Собеседник отвечал: нет – не о разном.
– Об одном, значит. А не об одной?
Из улыбки – две серебряные пломбы. Синие розы пахли синькой. Штерер, отдернув зрачки, сказал, что в шашечной партии возможен случай, когда оба игрока побеждают: это когда один ведет игру в крепкие, другой, точнее, другая – в поддавки. При этом теоретик не заметил, что одна из шашек уже тронута.
Через четверть часа после первого афоризма сторонний наблюдатель мог бы ознакомиться с теорией о купюрах времени, излагаемой прямо в хлопающие глаза замоскворецкой дамы.
Применительно к любви теория эта строилась так: память, «развертывающая свой длинный свиток», и кинолента, разматываемая с катушки, могут быть подвергнуты монтажу. И из ленты, и из времени можно вырезать куски, убрать длинноты. Так, если между первым свиданием женщины с ее первым и первым свиданием с ее вторым, третьим, ну и так далее, сделать купюры, то есть оставить наиболее чистое и искреннее, глубоко западающее в память, то кинолента, на которую мы перенесем ряд примкнутых друг к другу первых свиданий, покажет нам женщину – с быстротой шарика рулетки, перепрыгивающего с номера на номер, – переключающуюся из объятия в объятие и стареющей на наших глазах; юристу это, конечно, напомнило бы ту статью Уголовного закона, которая трактует о массовом насилии.
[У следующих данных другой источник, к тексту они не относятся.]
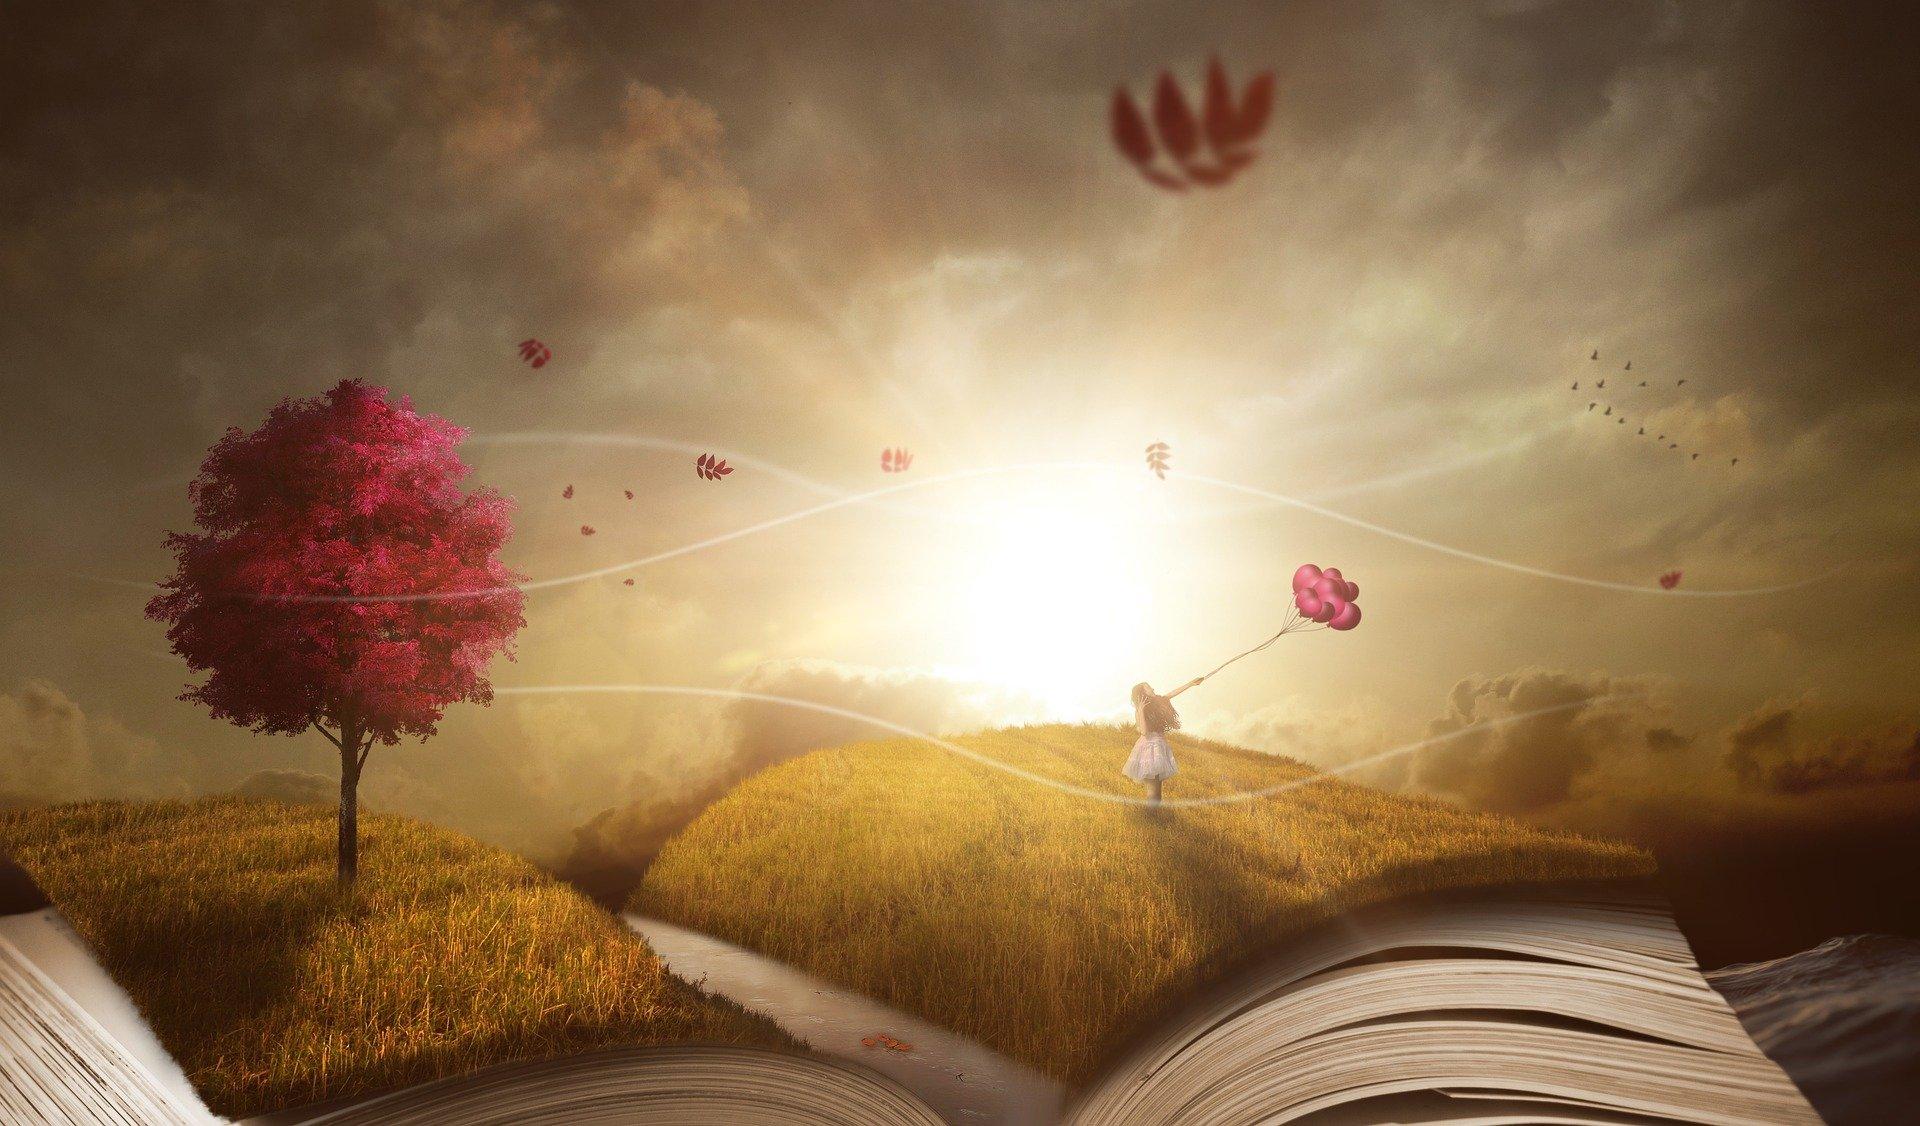 Bild zur Bewerbung des Erzählcafés auf dem ein aufgeschlagenes Buch und mystisch herumfliegende Blumen zu sehen ist. Im Hintergrund geht die Sonne auf. © CC0

Попробуйте убрать лишнее – из чего бы то ни было оставить лишь самое нужное, и вы увидите, что оно вам не…
И через час после этого последнего афоризма Штерер мог убедиться в жестокой его правильности. Сторонний же наблюдатель… впрочем, в подобной ситуации таковые излишни.
На следующий день репетитор впервые оглядел своего ученика: наклонившись безбровым лбишкой над Евтушевским, гимназистик тянул себя за встопырившиеся на темени волоски, точно пробуя выдернуть из головы искомое число; сквозь красное ухо мальчугана просвечивал огонь лампы.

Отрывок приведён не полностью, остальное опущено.